Wedding Wednesday- Experiencing Yourself as Spectacle (and pretty flowers!)
from leftoverlemons.wordpress.com |
I can't find this one either! Which is like my favorite bouquet of all time. |
I couldn't figure out why wedding stuff has been making me feel shy lately, but I think dress shopping with my mom helped me figure it out. I couldn't help, standing there with nothing on while the cute little girl tried to stuff a spangled puff ball into a plastic bag, if the bodily humiliation required of dress-buying is some sort of prep course it heteronormative ridiculousness. Is buying a dress like childbirth, but prettier? I am not a prudish person, by any means, but it does make an interesting day when you seem to be flashing a lot of lady strangers so you can come out and have a crowd discuss your various curves. It makes you realize, all of the sudden, that choosing to have a wedding is to concede your own image to a spectacle.
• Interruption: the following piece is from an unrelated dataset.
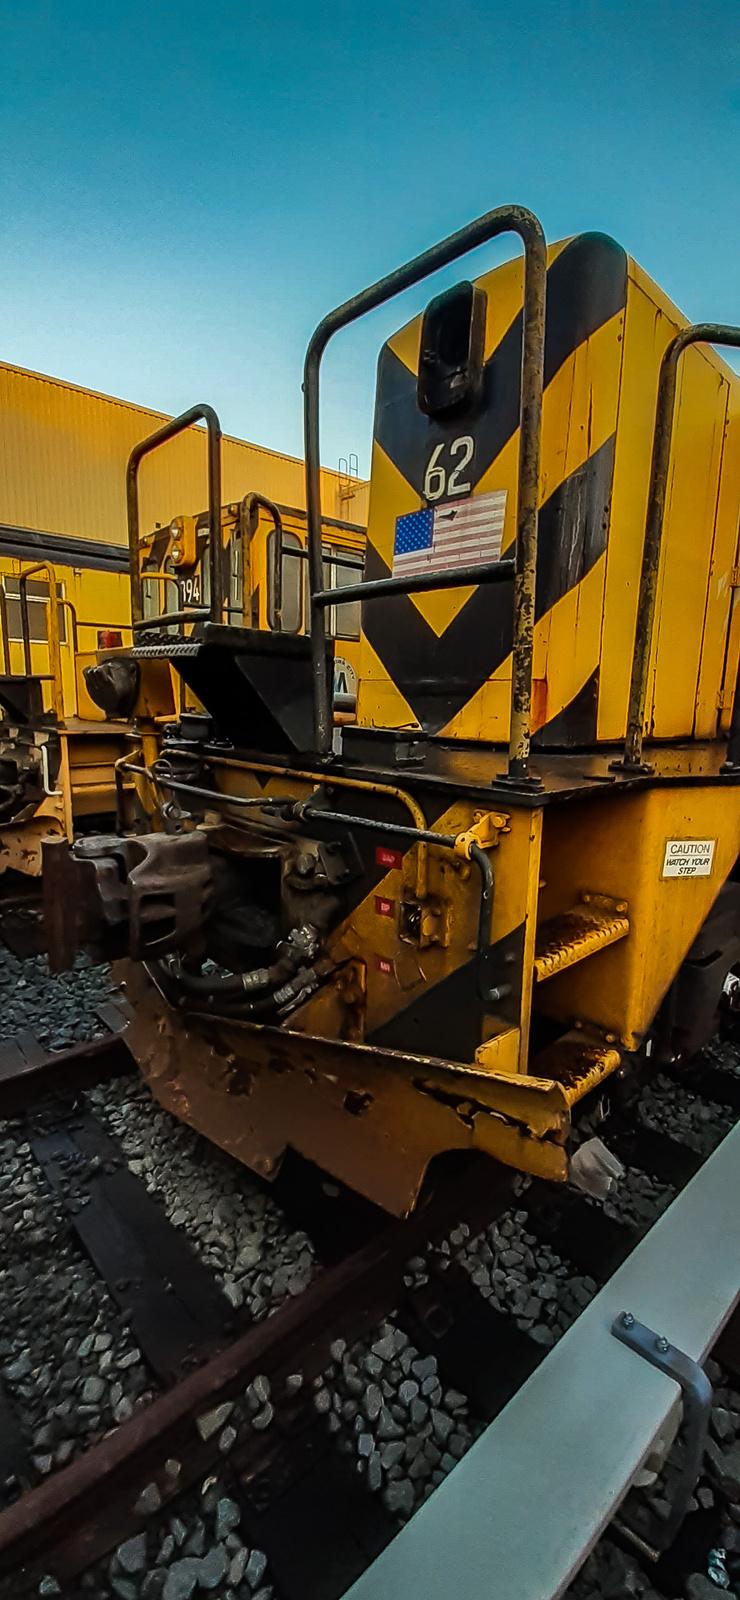 (203k, 820x556)<br><b>Country:</b> United States<br><b>City:</b> New York<br><b>System:</b> New York City Transit<br><b>Location:</b> Coney Island Yard<br><b>Car:</b> R-32 (Budd, 1964)  3662 <br><b>Photo by:</b> Joel Shanus<br><b>Viewed (this week/total):</b> 0 / 1680

But the whole thing makes me realize that the public proclamation of commitment really is just that, public. It requires a level of openness that is not casual or cursory at all, so perhaps these early experiences let you know that you are laying your heart out on a big scale. It is also comforting to see that, in general, even though I immediately feel uncomfortable with being openly lovey (or naked) by the end I don't really care. We've lived off in our own California bubble long enough to often forget we still function in larger groups as well. We really did have fun with the photographers, and we got to get a good sense of their personalities and friendship as well, which I really loved.
I am not sure any of this makes sense, but I am suspicious that my insistence on a "family" theme is also an insistence on it not just being about us. Certainly I still believe in the value of not having a "spotlight" day, but I also think there is something to these tiny realizations that we can push it of as much as we would like, but to some extent the day is going to expose you, your loyalties, your relationships, your "curves," and whatever else.
It's a hang up we will have to get over, and I feel like the boy has a better time with it than I do. I figure I can see how awkward I am when we see engagement pictures. On the other hand, this week has been a wedding heavy week with no actual decisions, so I have a lot I had to say and am simultaneously really sick of wedding stuff. I figure there should be another (really long) lull after this where no big decisions come up until late in the fall. I like that we gave ourselves enough time that we never have to push through when we are burnt out, so it stays pretty enjoyable. I'll let you know if that is actually true later on.